А если ты все равно забудешь, Мне придется покинуть дождь, И солнце, и стихии, Я в самом деле уйду от тебя, Оставлю нас обоих.
И воздух будет всего-то навсего ветром, Как забвение.
– А что значит эта песня? – спрашивает Оро.
– Если я правильно понял, – вклинивается Кай, – лирическая героиня песни сообщает своему возлюбленному, что если он ее позабудет, она…
– Отрежет ему яйца и слопает их на завтрак.
Оро приходит в дикий восторг, хохочет, бьет себя по коленям. Думает, я шучу. Наконец, слегка успокоившись, говорит:
– Кай, Кей, теперь ваша очередь. И смотрите не подведите.
Одним неуловимым движением близнецы вскакивают на ноги, срывают с себя рубашки, отбрасывают их в стороны. Кланяются комнате в целом, мне, Оро, всем присутствующим, друг другу. И тут Кай, улучив момент, быстро и резко бьет Кея по лицу. Кей отлетает назад, в последний момент делает обратное сальто и встает на ноги. Еще раз кланяется и, размахнувшись левой ногой, изо всех сил вмачивает Каю в челюсть. Кай в прыжке через голову перелетает через стол, отбрасывает коньки, перекатывается и встает передо мною, широко ухмыляясь.

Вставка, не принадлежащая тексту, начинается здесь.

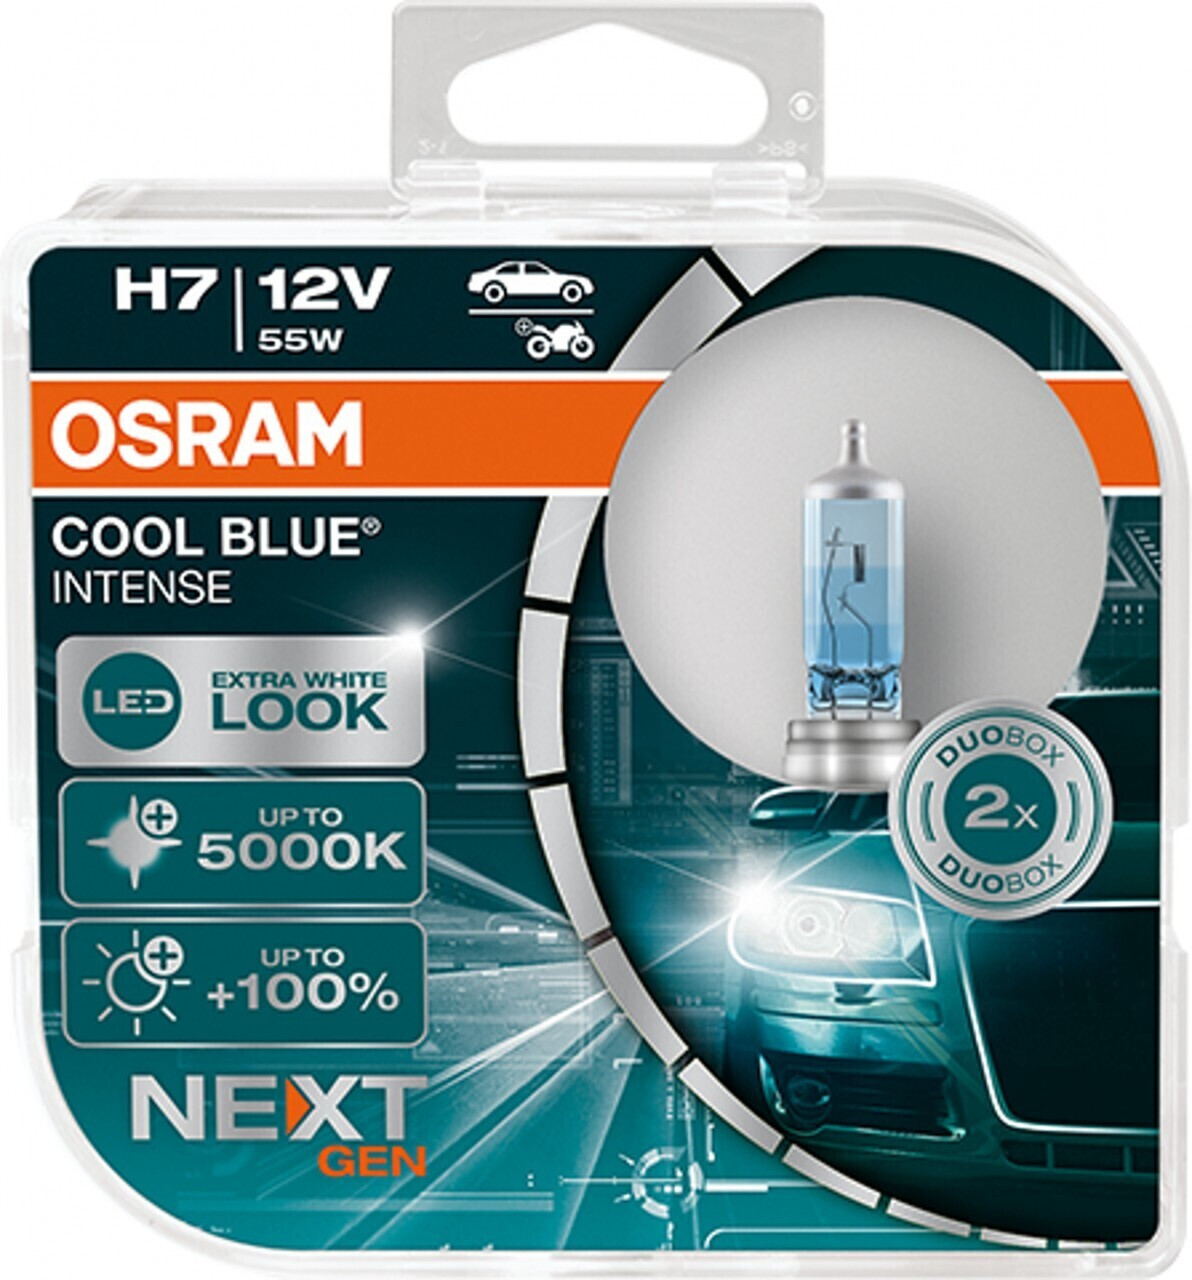 Osram Cool Blue INTENSE H7 12V 55W (64210CBN) Duo desde 18,89 €

– Охрененно классно. Как вы это делаете?
– Кай и Кей – лучшие каскадеры во всем… – Оро считает на миниатюрных пальчиках, – во всем Токио, Гонконге и Тайбэе. Они и в моем новом фильме про самураев участвуют.
– Луиза, пожалуйста. – Кай протягивает руки и помогает мне подняться на ноги. – Мы тебе покажем парочку простых трюков.
Лишь на третьем – причем Кай атакует меня справа, Кей слева, а я в последний момент отхожу в сторону и выкручиваю им запястья, так что они, описав грациозную дугу, перелетают через мои плечи и, совершив двойное сальто, приземляются на пол – я теряю равновесие (отход назад – это так сложно!), проламываю ширмы-сёдзи и, опрокинувшись на спину, приземляюсь на веранду. Кай и Кей вываливаются следом за мною, за ними по пятам поспешают Оро и остальные. Они помогают мне подняться на ноги – и тут внезапная вспышка молнии озаряет веранду, и расщепленное дерево, и изодранную рисовую бумагу.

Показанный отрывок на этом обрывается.